Мечелла почувствовала подступающий спазм, но это не имело никакого отношения к беременности. Ее взгляд метнулся к Кабралу. Он смотрел в сторону. Неудивительно, ведь покинутым любовником Сааведры был герцог Алехандро до'Веррада!
Глупо было с ее стороны не подумать об этом. Здесь, в Палассо, пусть даже в кладовке, не могло быть картин, не имеющих отношения к до'Веррада. Внезапно история из печальной превратилась в оскорбительную, напоминая о той, другой женщине Грихальва, которая сейчас называет себя графиней.
С нарочитой небрежностью Мечелла обернулась к Верховному иллюстратору.
- А почему она покинула Алехандро?
- Никто не знает. - Меквель сложил руки на набалдашнике трости, его длинные пальцы были еще сильными и гибкими в отличие от ног и спины, разъедаемых болезнью. - Одни говорят, будто ее изгнали советники Алехандро, другие - что она исчезла по собственной воле, третьи даже предполагают, что ее убили. - Он бросил на "Первую Любовницу" задумчивый взгляд из-под темных ресниц. - Много разного говорят, но никто не знает правды.

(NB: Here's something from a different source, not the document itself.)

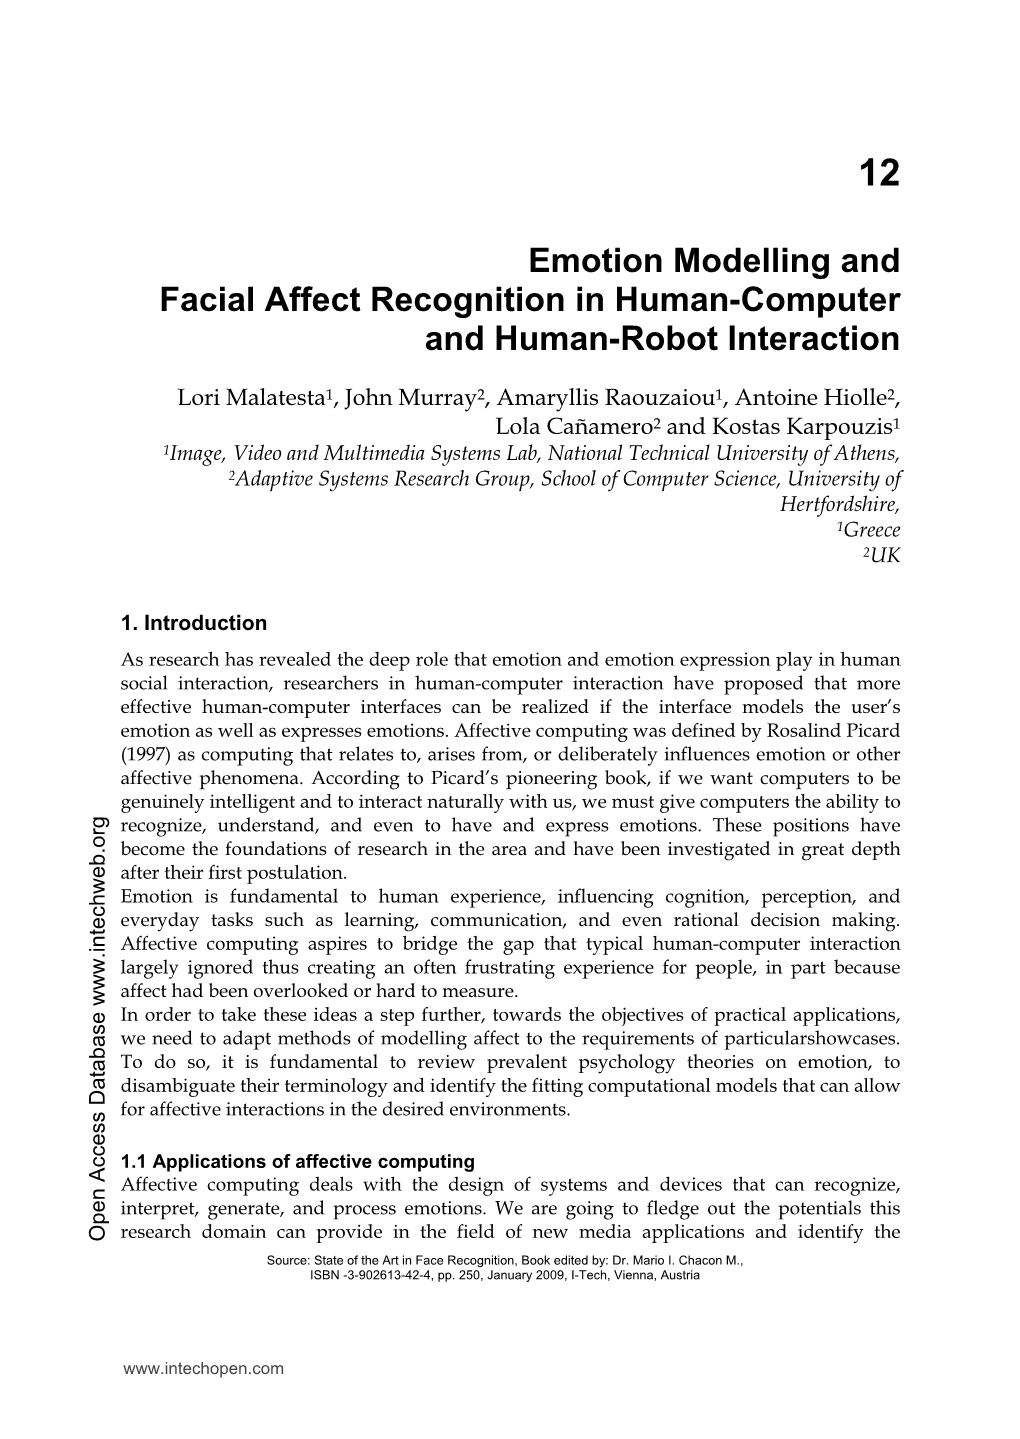 Emotion Modelling and Facial Affect Recognition in Human-Computer and Human-Robot Interaction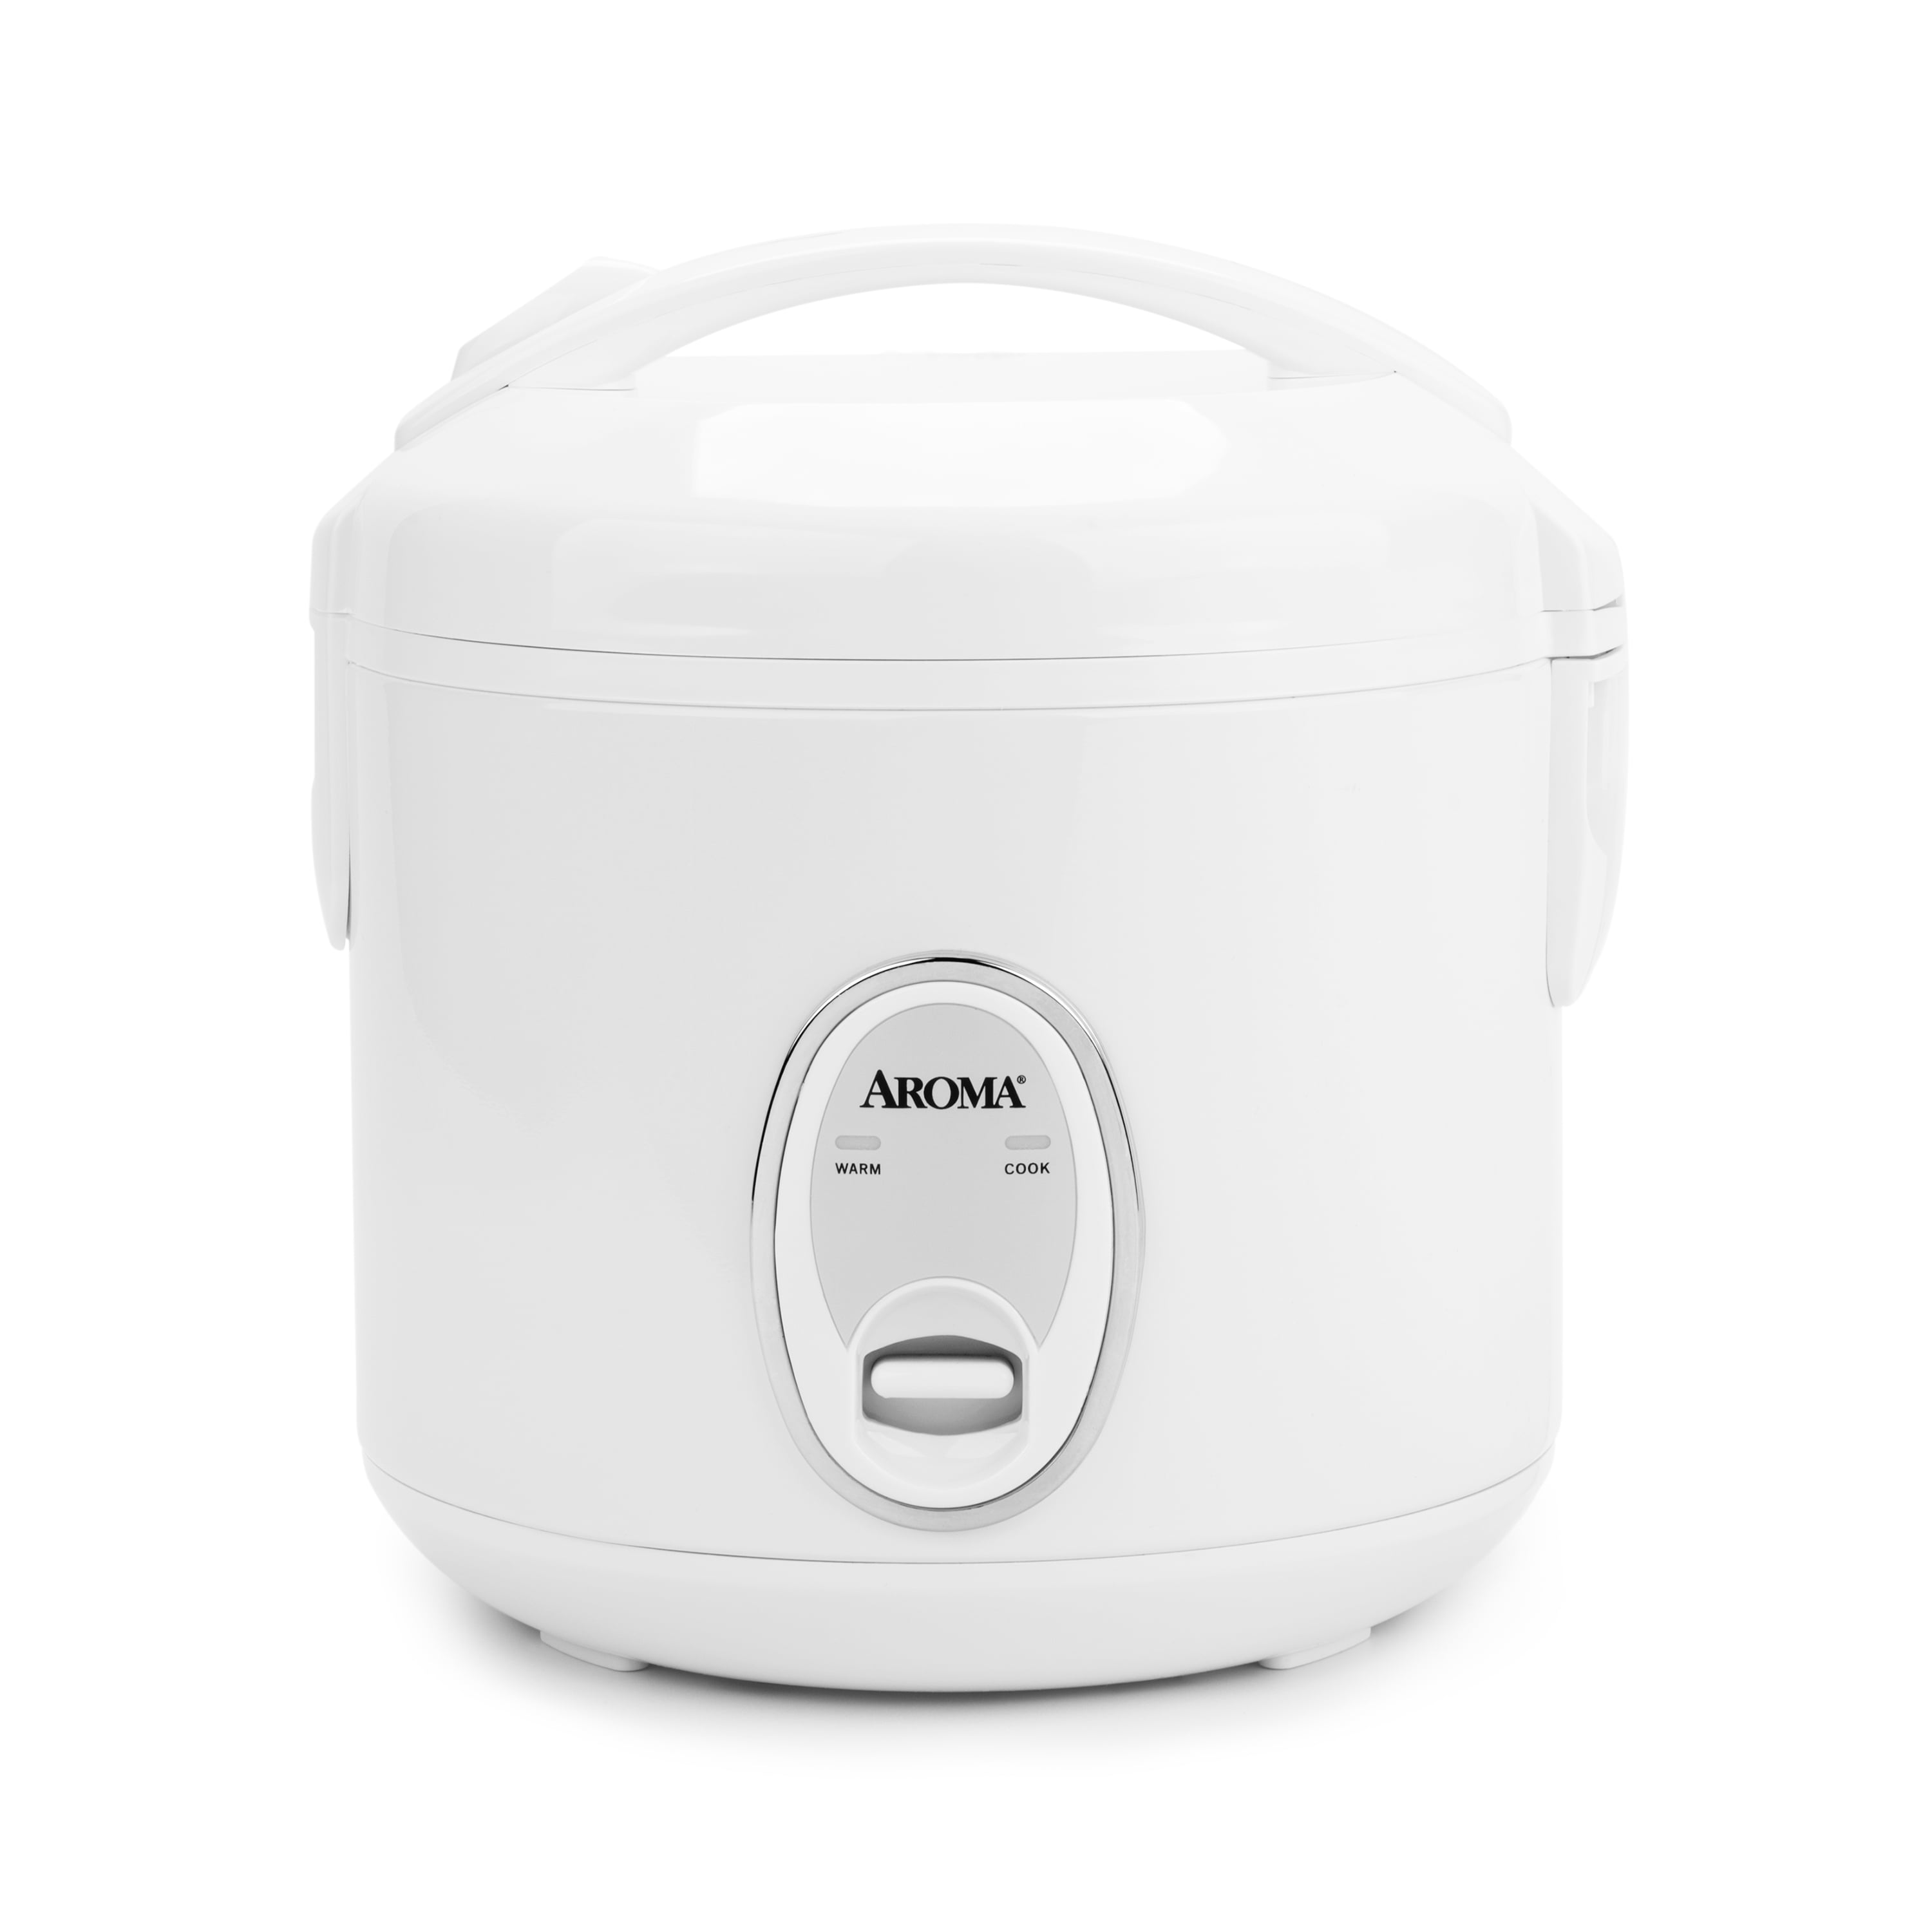 AROMA NutriWare Digital Pot Style 7-Cup Rice Cooker with Glass Lid and  Non-Stick Pot NRC-687SD-1SG - The Home Depot

Мечелла почувствовала невольную жалость. Это рассердило ее, как будто она пожалела ту, другую любовницу, не заслуживавшую ничего, кроме презрения. И вдруг Мечелла поняла, почему инстинктивно она испытывала к Сааведре сострадание и дружеские чувства. Не успев подумать, стоит ли делиться с кем-нибудь этим открытием, она услышала свой собственный голос:
- Заметил ли хоть кто-нибудь, что она беременна? Двое мужчин затаили дыхание. Меквель принялся внимательно изучать картину, бормоча что-то себе под нос, тем же занимался и Кабрал. Мечелла наблюдала за ними, не объясняя, почему пришла к такому выводу. Это было очень просто: именно поэтому лицо Сааведры и казалось ей знакомым. Дело не в форме рта, носа, не в цвете волос или какой-нибудь другой характерной для всех Грихальва черточке. Несмотря на непокорную складку рта, проницательность и горечь ясных серых глаз, на ее лице было то самое необъяснимое выражение, которое Мечелла в последнее время так часто видела в зеркале.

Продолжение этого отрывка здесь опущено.